PSI Soroti Program Job Fair Pramono, Dianggap Kurang Berdampak
BERITA TERBARU INDONESIA, JAKARTA — Ketua Fraksi Partai Solidaritas Indonesia (PSI) DPRD Provinsi Jakarta, William Aditya Sarana, menilai bahwa program bursa kerja atau job fair yang diadakan oleh Pemerintah Provinsi (Pemprov) Jakarta belum sepenuhnya optimal. Menurutnya, program tersebut belum memberikan dampak signifikan dalam menurunkan angka pengangguran.
William menyampaikan bahwa program job fair yang digagas oleh Gubernur Jakarta, Pramono Anung, belum banyak diketahui masyarakat. Selain itu, manfaat dari program ini pun dirasa belum maksimal. Hal ini tercermin dalam survei Indikator Politik Indonesia yang mengukur kepuasan publik terhadap kinerja para gubernur di Pulau Jawa.

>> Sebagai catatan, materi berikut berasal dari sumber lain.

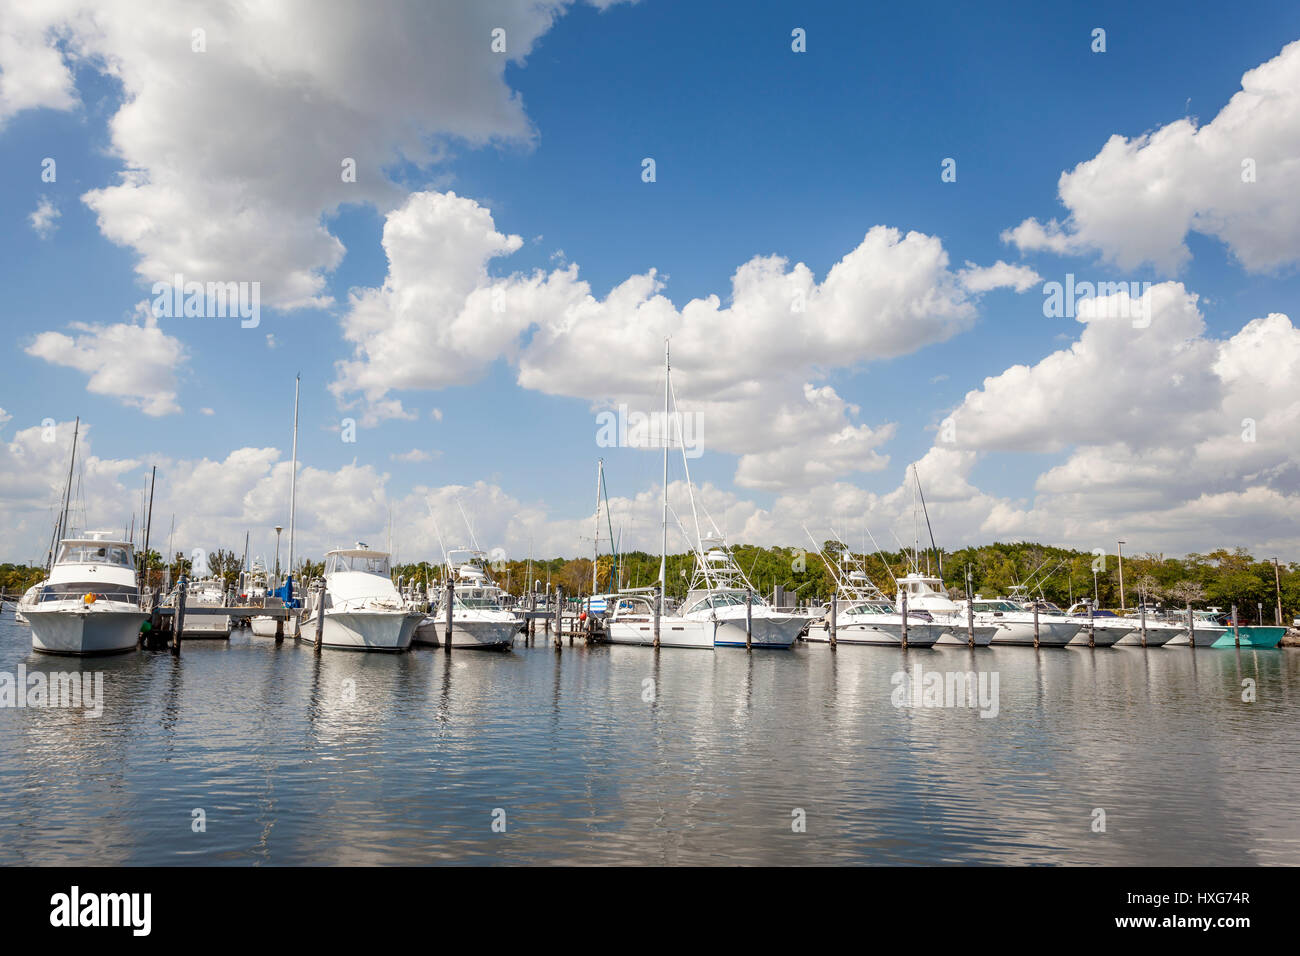 Yachts and fishing boats at the marina in Coral Gables. Miami, Florida, United States Stock Photo

“Ternyata masih ada sekitar 47 persen warga Jakarta yang belum mengetahui job fair. Selain itu, banyak yang meragukan efektivitas program ini dalam menurunkan angka pengangguran di Jakarta,” ujarnya pada Jumat (30/5/2025).
Ia menekankan bahwa Pemprov Jakarta perlu melakukan evaluasi terhadap pelaksanaan program tersebut agar kegiatan job fair dapat lebih optimal di masa mendatang.

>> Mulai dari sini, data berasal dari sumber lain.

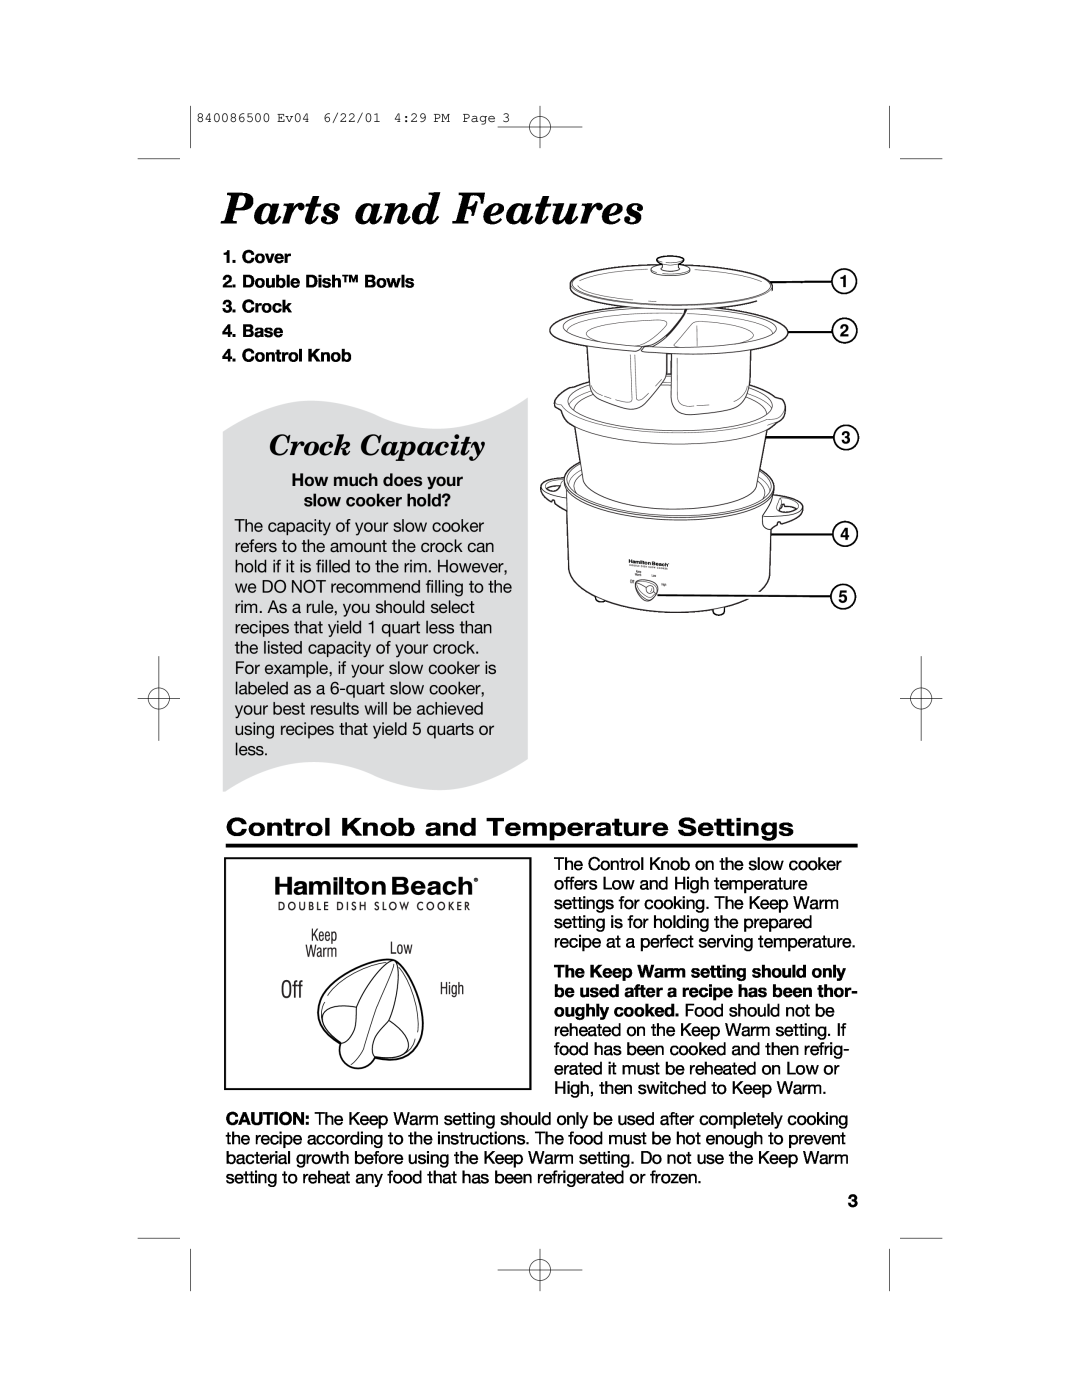 Hamilton Beach 33158 manual Parts and Features, Crock Capacity, Control Knob and Temperature Settings

“Seyogianya, program job fair ini dapat memberikan manfaat bagi masyarakat yang tengah mencari pekerjaan di tengah kondisi ekonomi sulit saat ini, di mana pemecatan terjadi di berbagai sektor dan daya beli menurun,” tambahnya.
William juga mendorong Pramono untuk terus berdiskusi dengan para pemangku kepentingan, khususnya warga Jakarta, guna menemukan cara untuk memperkuat program-programnya. Dengan demikian, program yang digagas Pemprov Jakarta dapat lebih sesuai dengan kebutuhan warga.
“Dalam konteks ini, Mas Pram harus lebih aktif berkomunikasi dengan berbagai pemangku kepentingan untuk mengetahui aspek mana dari programnya yang perlu ditingkatkan dari sudut pandang mereka,” jelasnya.